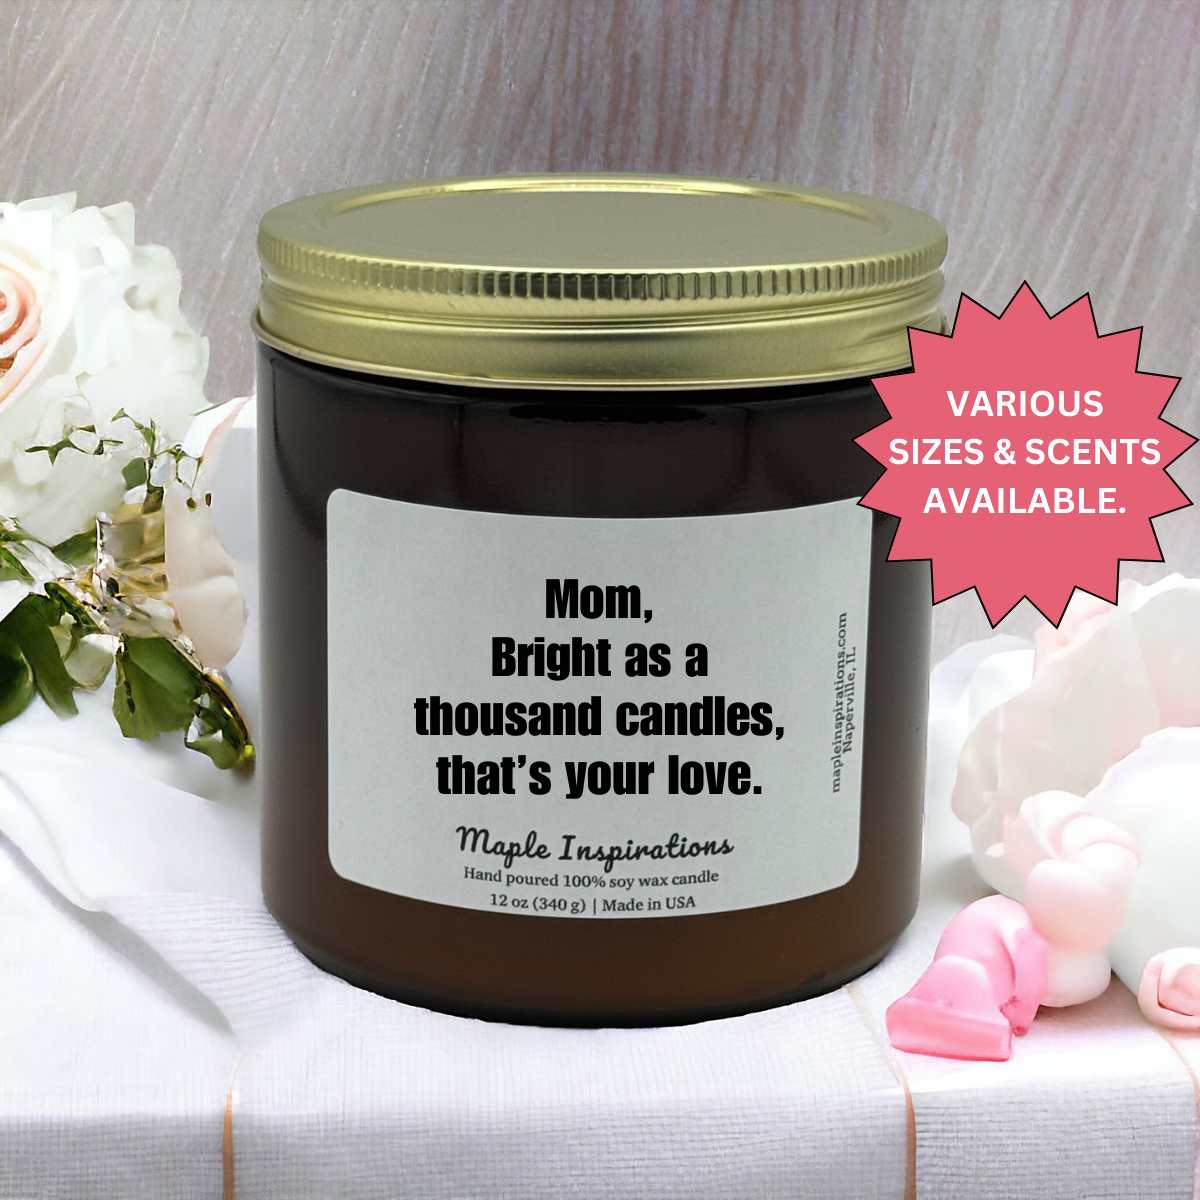 Candle Gift For Mom, Scented Candle, Mother's Day Gift for Mom, Wedding Gift Mom , Soy Candle Mom Birthday Gift, Mum, Gift From Daughter / Son, Mom thank you, Mom Candle
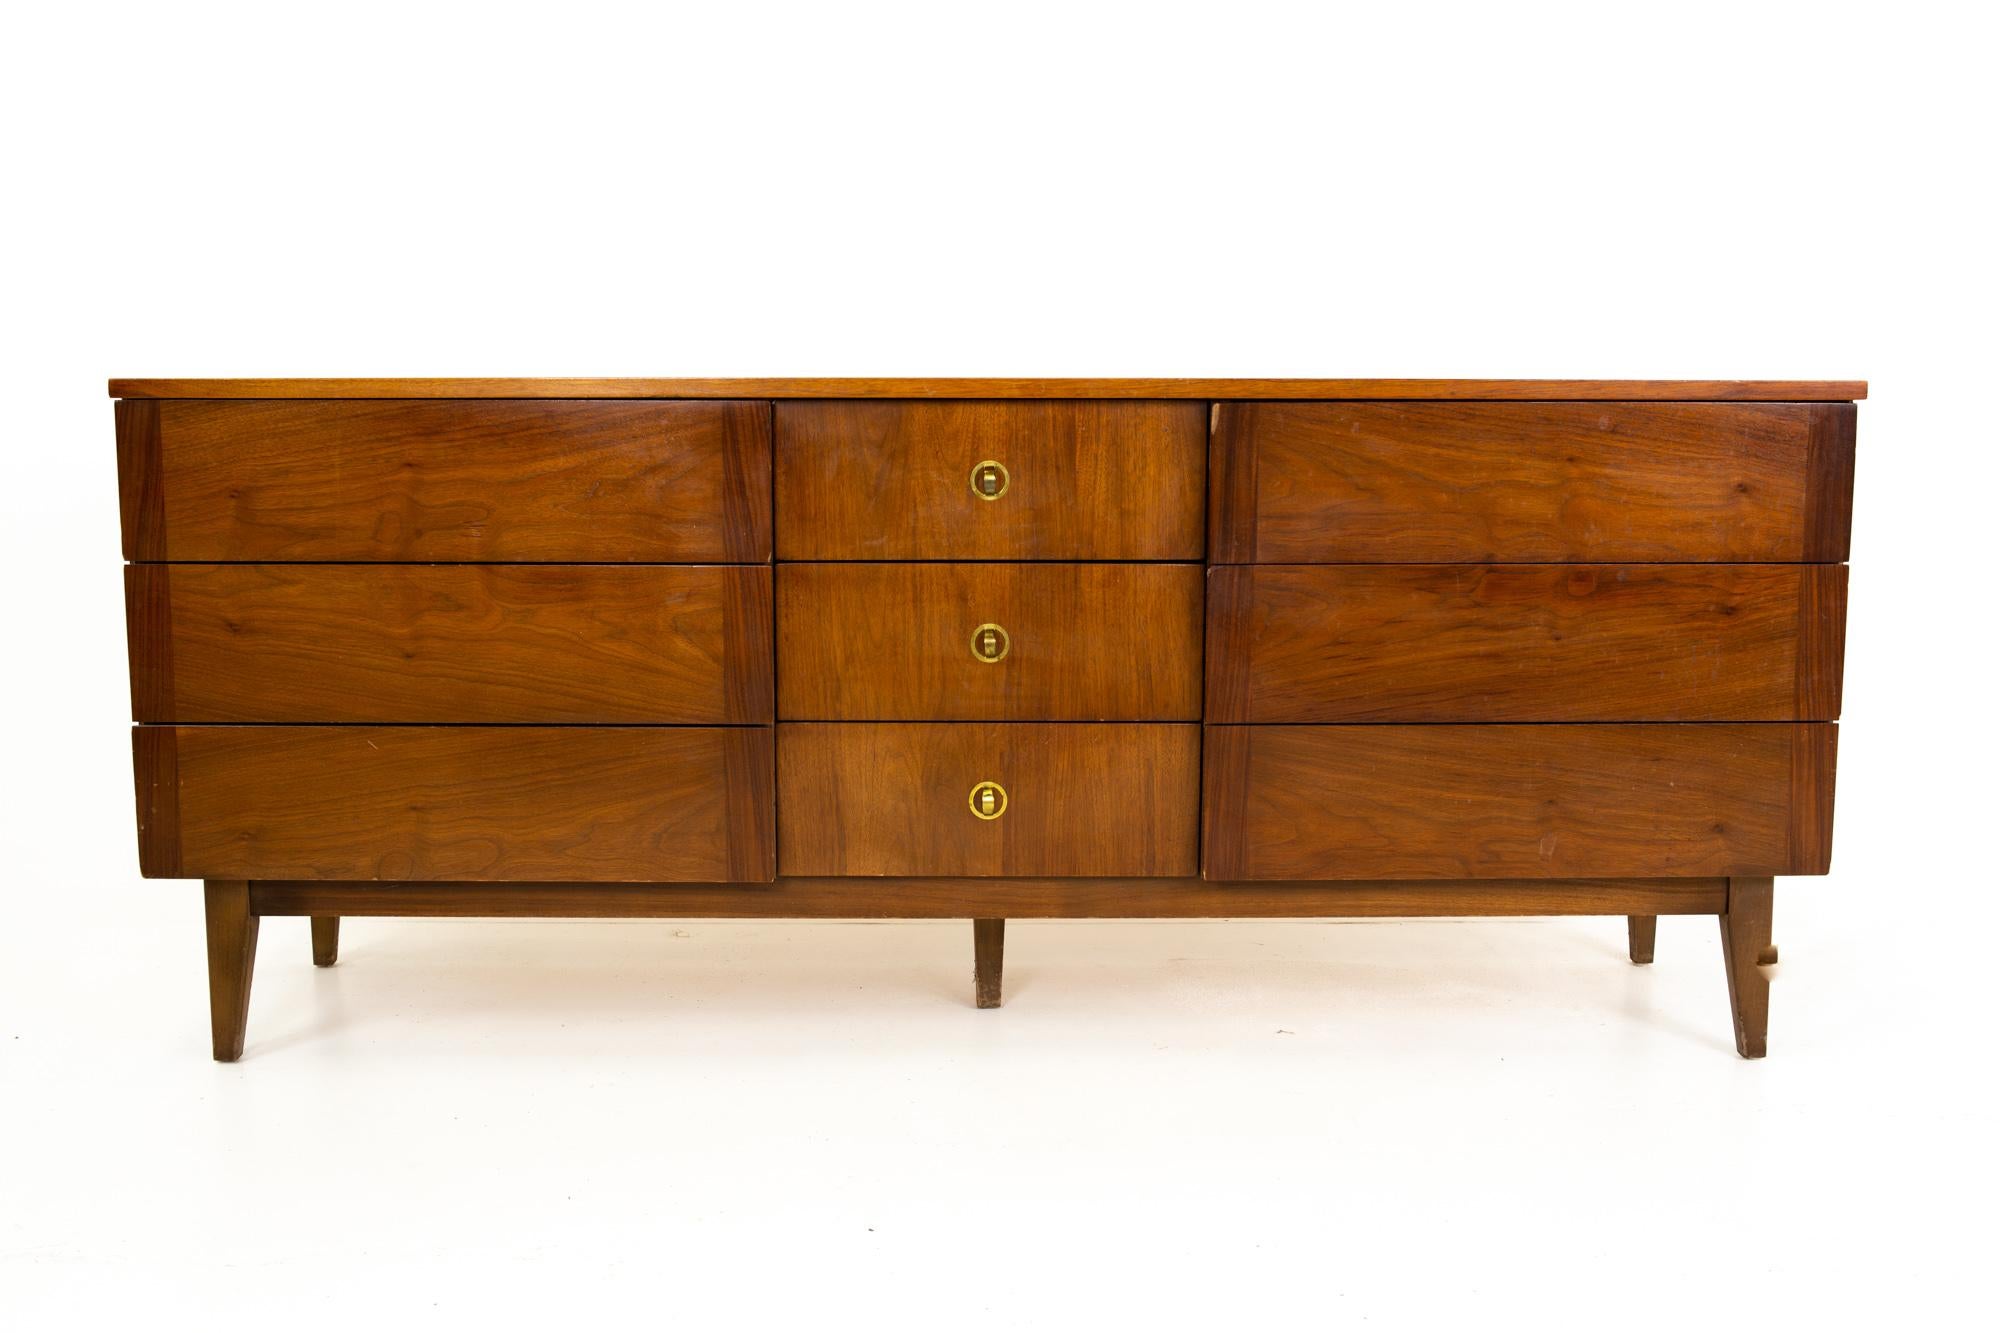 Stanley Mid Century walnut and brass 9-drawer lowboy dresser
Dresser measures: 72 wide x 18 deep x 30 inches high

This price includes getting this piece in what we call restored vintage condition. That means the piece is permanently fixed upon

## DESCRIPTION OF THE TASK
Print the lines from the one that contains "Stanley Mid Century" through the final line of the material above, exactly and only those, with pictures left out.

## ANSWER BOX
 Stanley Mid Century walnut and brass 9-drawer lowboy dresser
Dresser measures: 72 wide x 18 deep x 30 inches high

This price includes getting this piece in what we call restored vintage condition. That means the piece is permanently fixed upon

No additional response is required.